In the material below, find the line with "Men's Exquisite Brown Cotton Light Jacket" and the line with "Behringer manual EURORACK", then output both and every line between them exactly, omitting pictures.

_Given entries_:
= Beginning of Section =

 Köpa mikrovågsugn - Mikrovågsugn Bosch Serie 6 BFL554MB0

= End of Section =
= Beginning of Section =

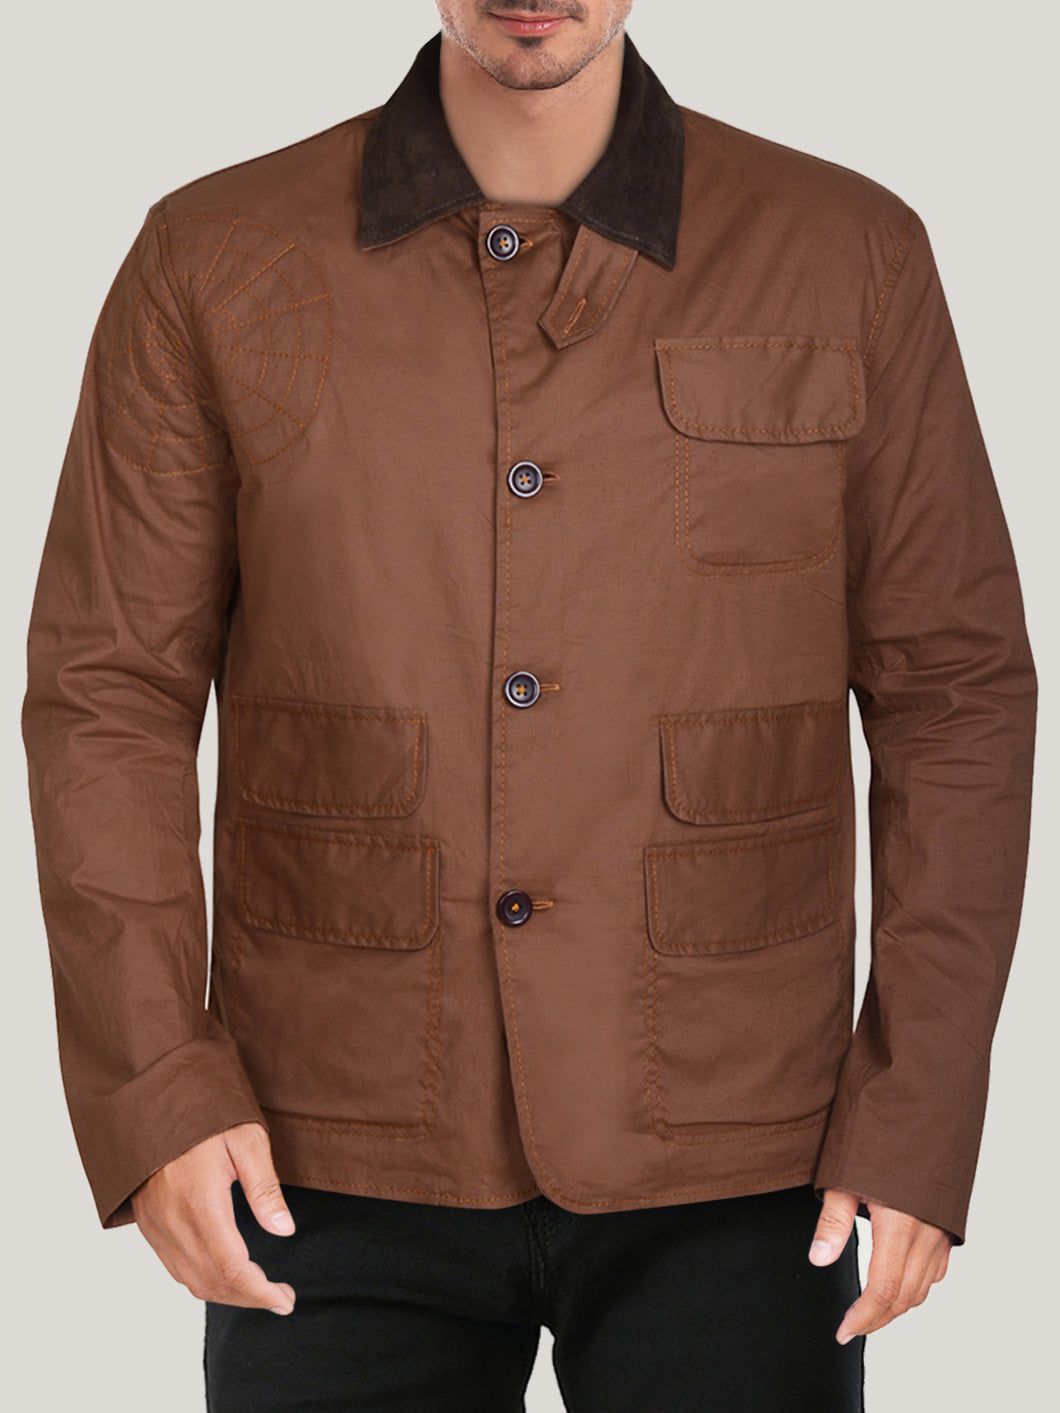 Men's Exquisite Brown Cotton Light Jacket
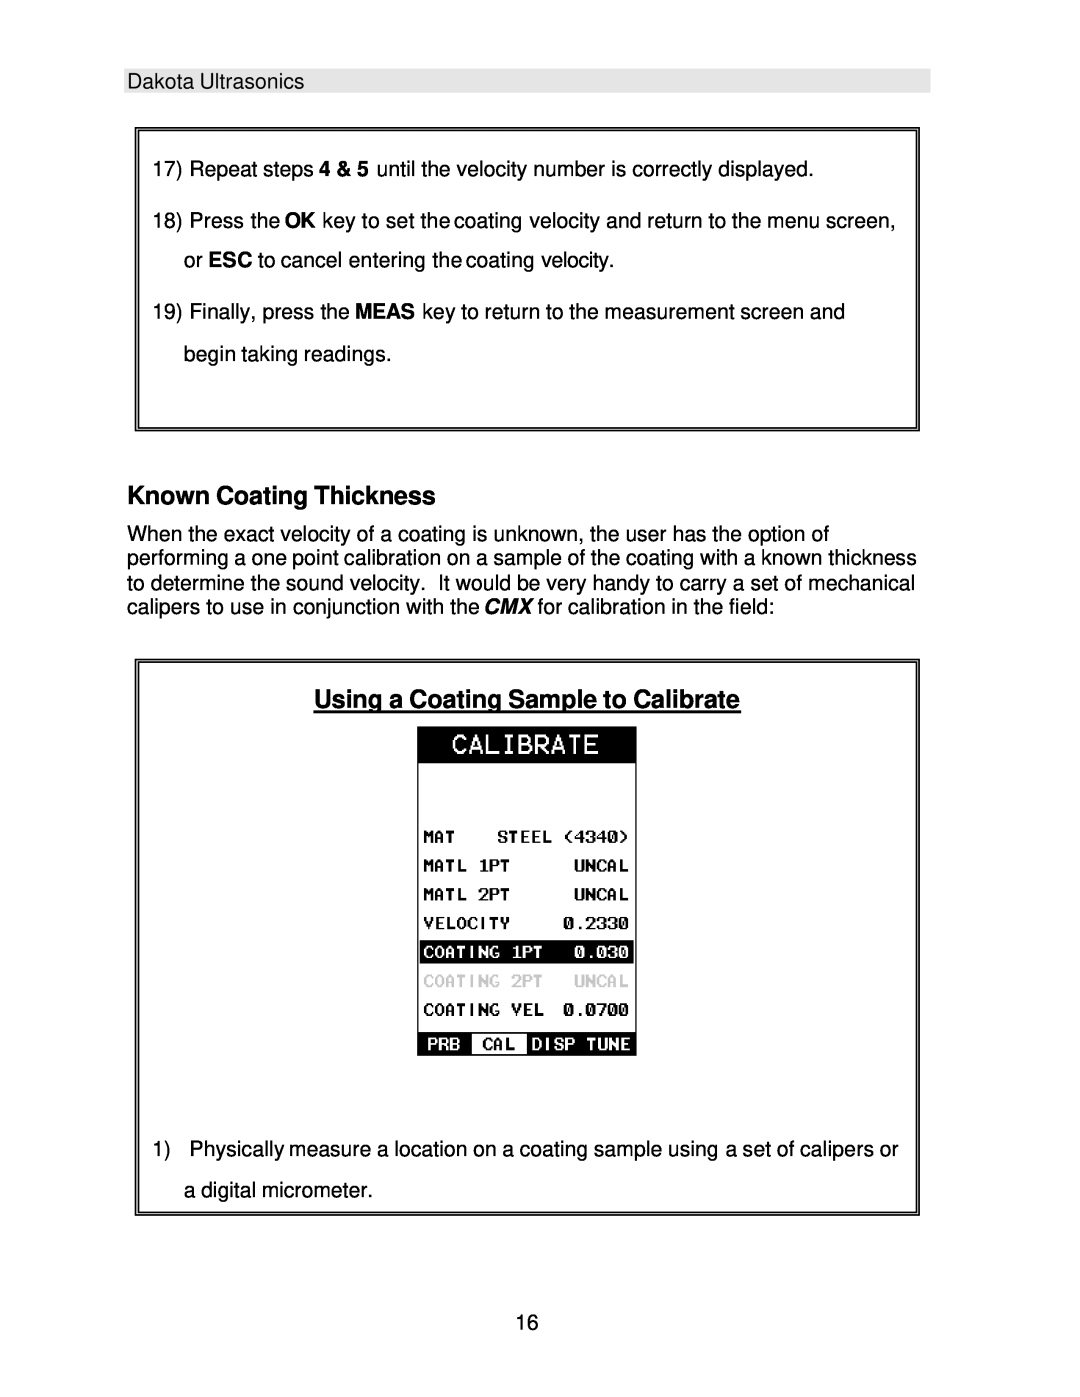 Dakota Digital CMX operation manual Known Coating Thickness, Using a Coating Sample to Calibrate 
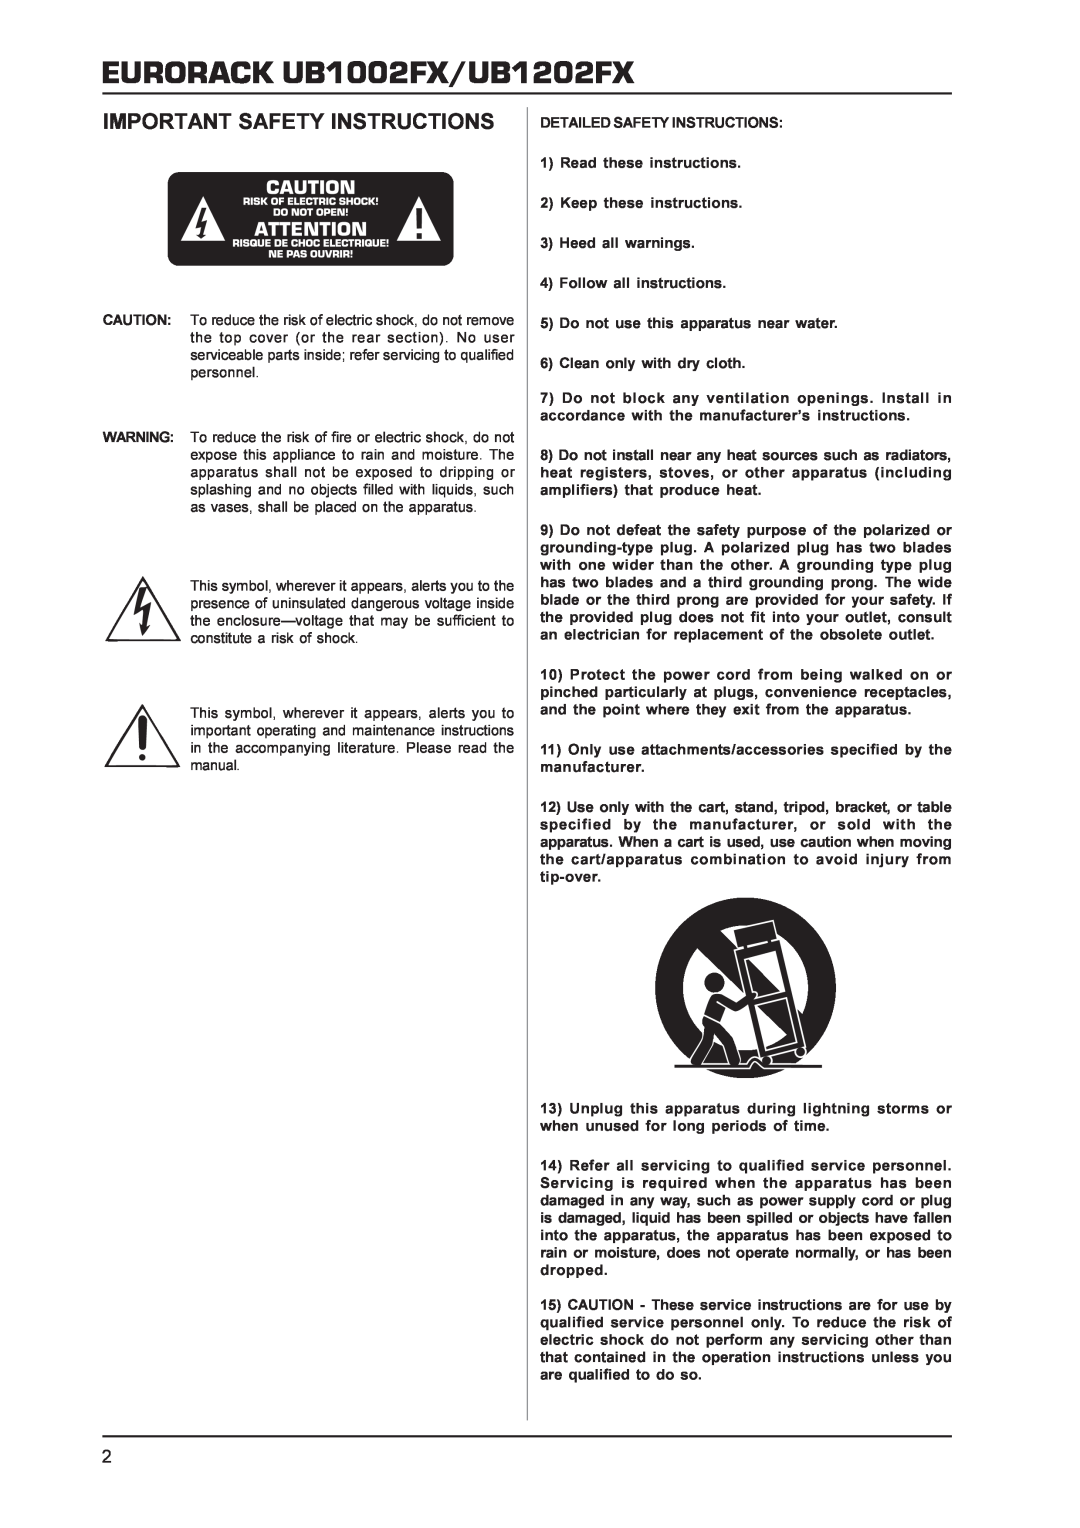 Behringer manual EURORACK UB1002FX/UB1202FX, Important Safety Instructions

= End of Section =

_Answer section_:
 Men's Exquisite Brown Cotton Light Jacket
 Dakota Digital CMX operation manual Known Coating Thickness, Using a Coating Sample to Calibrate 
 Behringer manual EURORACK UB1002FX/UB1202FX, Important Safety Instructions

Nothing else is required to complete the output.